The selection can be based on an HTML tag, class, identifier, attribute, or place in the hierarchy. Once elements are selected, one can apply operations to them. This includes getting and setting attributes, display texts, and styles (as in the above example). Elements may also be added and removed. This process of modifying, creating and removing HTML elements can be made dependent on data, which is the basic concept of D3.js.

=== Transitions ===
By declaring a transition, values for attributes and styles can be smoothly interpolated over a certain time. The following code will make all HTML elements on a page gradually change their text color to pink:

d3.selectAll("p") // select all elements
  .transition("trans_1") // transition with name "trans_1"
    .delay(0) // transition starting 0ms after trigger
    .duration(500) // transitioning for 500ms
    .ease(d3.easeLinear) // transition easing progression is linear...
  .style("color", "pink"); // ... to color: pink

=== Data-binding ===
For more advanced uses, loaded data drives the creation of elements. D3.js loads a given dataset, then, for each of its elements, creates an SVG object with associated properties (shape, colors, values) and behaviors (transitions, events).

// Data
var countriesData = [
  { name: "Ireland", income: 53000, life: 78, pop: 6378, color: "black" },
  { name: "Norway", income: 73000, life: 87, pop: 5084, color: "blue" },
  { name: "Tanzania", income: 27000, life: 50, pop: 3407, color: "grey" }
];
// Create SVG container
var svg = d3.select("#hook").append("svg")
  .attr("width", 120)
  .attr("height", 120)
  .style("background-color", "#D0D0D0");
// Create SVG elements from data
svg.selectAll("circle") // create virtual circle template
  .data(countriesData) // bind data
  .join("circle") // joins data to the selection and creates circle elements for each individual data
  .attr("id", function(d) { return d.name }) // set the circle's id according to the country name
  .attr("cx", function(d) { return d.income / 1000 }) // set the circle's horizontal position according to income
  .attr("cy", function(d) { return d.life }) // set the circle's vertical position according to life expectancy
  .attr("r", function(d) { return d.pop / 1000 * 2 }) // set the circle's radius according to country's population
  .attr("fill", function(d) { return d.color }); // set the circle's color according to country's color

Generated SVG graphics are designed according to the provided data.

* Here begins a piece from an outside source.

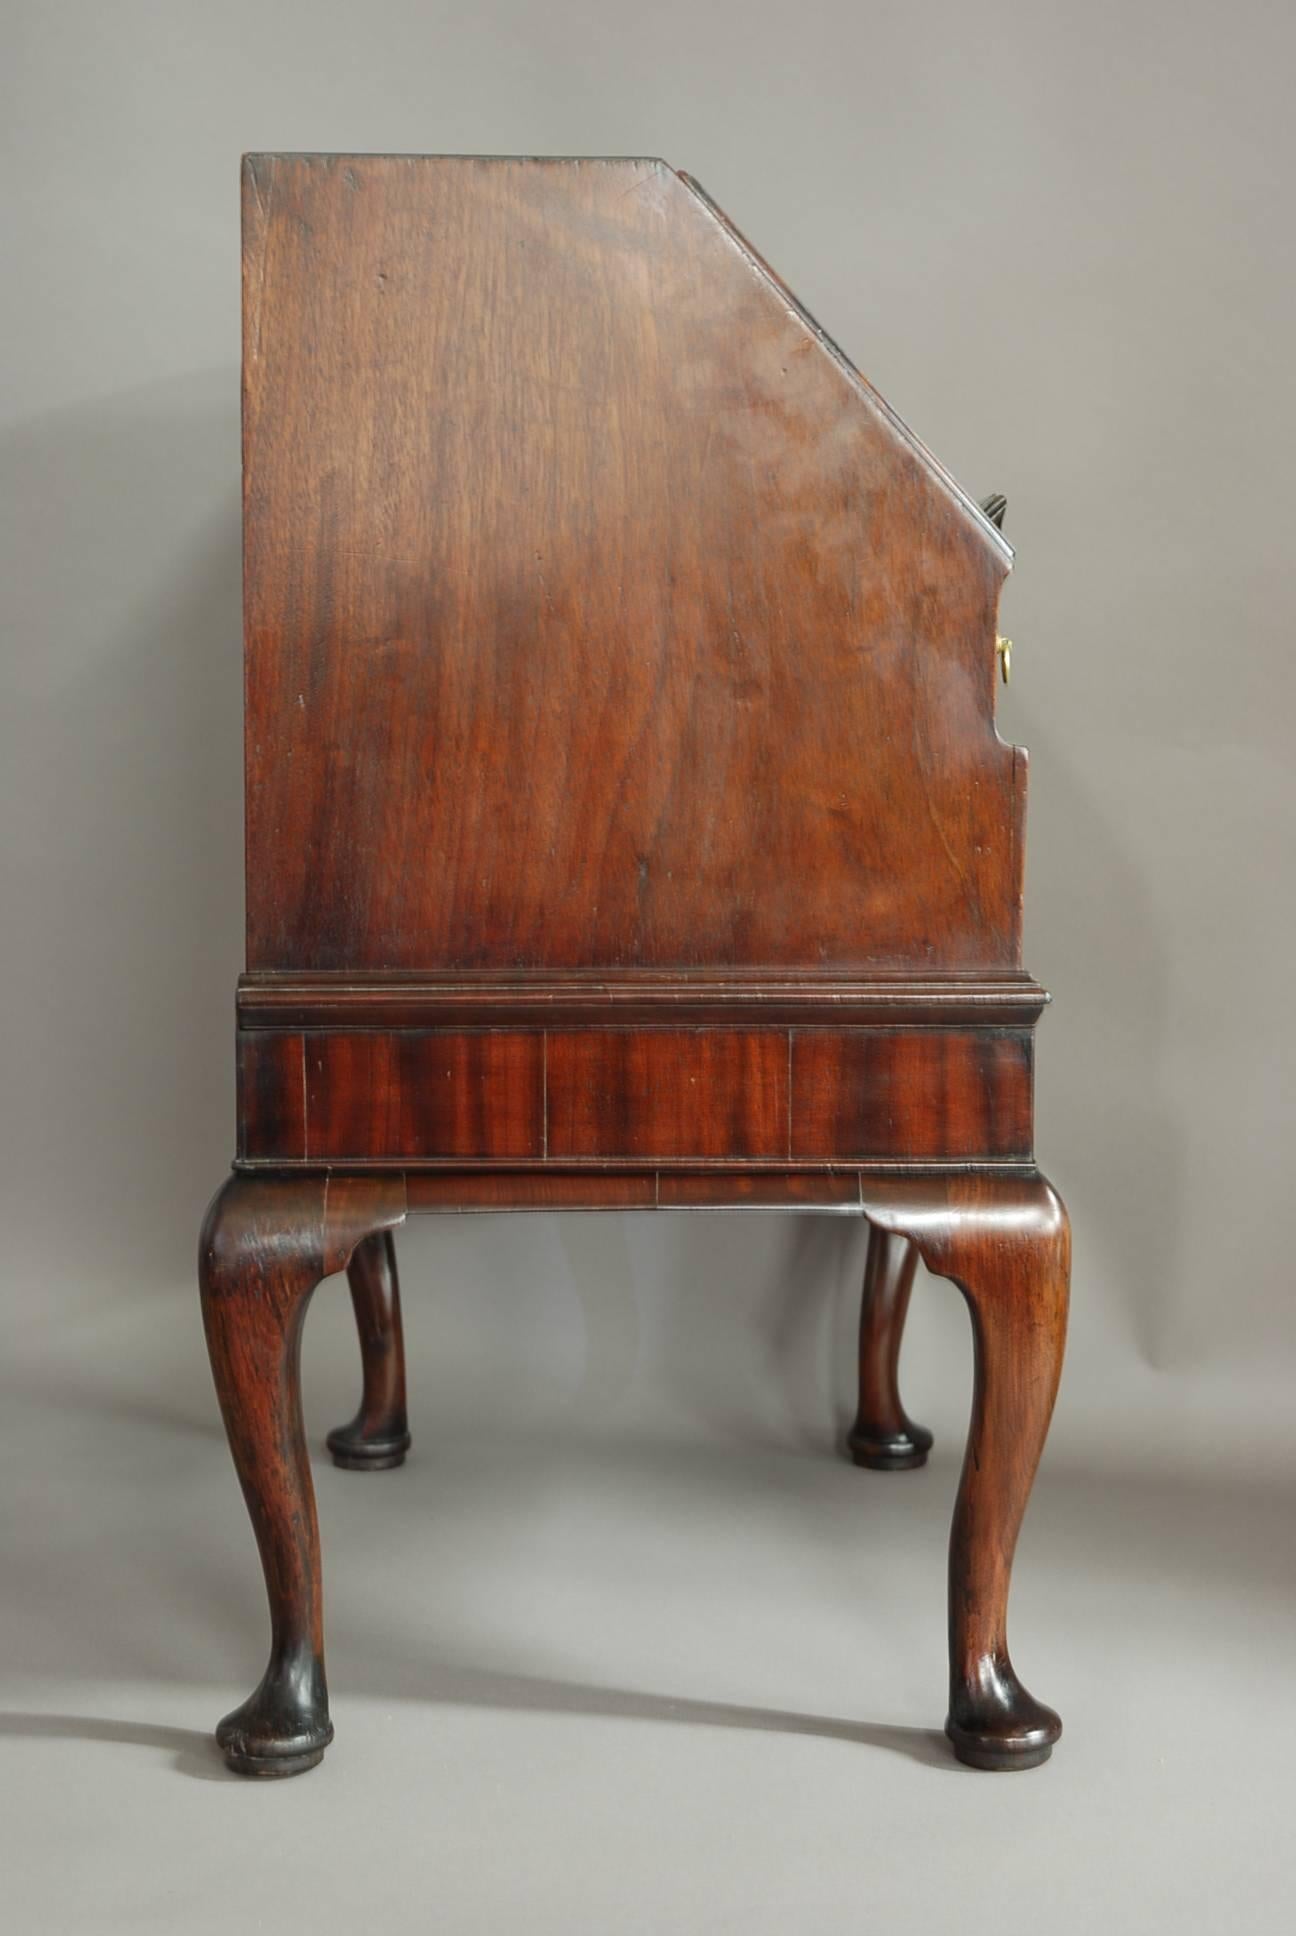 Rare Mid-18th Century Mahogany Bureau on Stand of Small Proportions For Sale 4

=== Appending nodes using data ===
Once a dataset is bound to a document, use of D3.js typically follows a pattern wherein an explicit .enter() function, an implicit "update," and an explicit .exit() function is invoked for each item in the bound dataset. Any methods chained after the .enter() command will be called for each item in the dataset not already represented by a DOM node in the selection (the previous selectAll()). Likewise, the implicit update function is called on all existing selected nodes for which there is a corresponding item in the dataset, and .exit() is called on all existing selected nodes that do not have an item in the dataset to bind to them. The D3.js documentation provides several examples of how this works.

==Community==
D3.js is a popular toolset used by many individuals and organizations for data visualization. Some organizations that use it include The New York Times, Airbnb, and MTV. Mike Bostock created bl.ocks as a website for sharing D3 visualizations and code snippets, which used GitHub Gist to host the code. He later created Observable as a place where programmers could make and share visualizations. (Similar to bl.ocks but the code is all hosted on the observable site). There are also D3 communities on many programming sites like CodePen.

== See also ==

- JavaScript framework
- JavaScript library
- Open-source software

==Related projects==
- The Vega and Vega-Lite visualisation grammars are a declarative visualization specification built on parts of D3.js.